Harvard faculty divestment motion

The Faculty of Arts and Sciences has a formal motion to divest from fossil-fuel production.

Following its October and November discussions about climate change and whether Harvard should divest any endowment assets invested in fossil-fuel production, the Faculty of Arts and Sciences (FAS) has a formal motion on its agenda for preliminary debate at its December 3 meeting.

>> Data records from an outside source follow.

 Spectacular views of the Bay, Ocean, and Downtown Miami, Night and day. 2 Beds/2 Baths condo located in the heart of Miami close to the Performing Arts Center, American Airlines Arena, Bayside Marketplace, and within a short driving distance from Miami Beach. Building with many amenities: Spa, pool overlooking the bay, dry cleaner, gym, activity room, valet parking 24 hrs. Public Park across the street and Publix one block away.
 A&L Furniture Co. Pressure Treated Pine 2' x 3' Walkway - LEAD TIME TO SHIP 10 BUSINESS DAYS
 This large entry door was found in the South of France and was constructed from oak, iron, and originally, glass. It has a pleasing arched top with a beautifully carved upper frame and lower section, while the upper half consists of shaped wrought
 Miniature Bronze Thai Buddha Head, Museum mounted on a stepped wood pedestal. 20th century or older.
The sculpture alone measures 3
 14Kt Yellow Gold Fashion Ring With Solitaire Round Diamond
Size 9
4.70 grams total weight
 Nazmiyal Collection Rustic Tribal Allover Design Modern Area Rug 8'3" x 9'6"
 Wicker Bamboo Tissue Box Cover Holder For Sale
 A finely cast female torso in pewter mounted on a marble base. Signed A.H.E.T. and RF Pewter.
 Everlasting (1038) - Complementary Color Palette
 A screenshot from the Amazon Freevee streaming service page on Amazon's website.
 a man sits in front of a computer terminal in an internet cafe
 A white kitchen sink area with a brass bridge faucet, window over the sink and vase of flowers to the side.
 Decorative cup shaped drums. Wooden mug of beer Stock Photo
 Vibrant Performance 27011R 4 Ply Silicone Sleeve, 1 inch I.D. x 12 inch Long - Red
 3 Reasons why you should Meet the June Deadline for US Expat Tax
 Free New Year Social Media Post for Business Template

The debate will be provisional, in two senses: FAS rules require that substantive items be discussed at a meeting before being presented for a vote at a subsequent meeting; and the Corporation, which sets University investment policy, and President Lawrence S. Bacow are on record in opposition to divestment (as the president explained in some detail in his remarks at the end of the November meeting).

The motion before the faculty reads as follows:

Professor Nicholas Watson [Cabot professor of English literature and chair of the department] will move that the Corporation should instruct the Harvard Management Company to withdraw from, and henceforth not pursue, investments in companies that explore for or develop further reserves of fossil fuels, or in companies that provide direct support for such exploration and development; over a reasonable period of time, extend those instructions to advisers of investment vehicles used by Harvard’s endowment, including commingled funds where Harvard is not the sole investor; and ensure that any adviser who may be unwilling or unable to comply is replaced by one who is willing to carry out these instructions.

In preparation for the meeting, faculty advocates of divestment have released “Harvard's Response to the Climate Crisis,” a white paper summarizing their case. It is reproduced here as a courtesy to readers. It recapitulates faculty members’ prior statements about the magnitude of the climate-change crisis, the urgency of acting, and the ethical arguments about divestment. The paper further proposes individual and institutional actions, ranging from “drastically” reducing air travel and making vegetarian meals “the default choice in dining halls” (see “Eating Greener,” for a discussion of sustainable food production and dining on campus) to investing substantially in climate-change research and curriculum (extending to mandatory online training for students and staff, similar to the training now required on sexual harassment and Title IX procedures).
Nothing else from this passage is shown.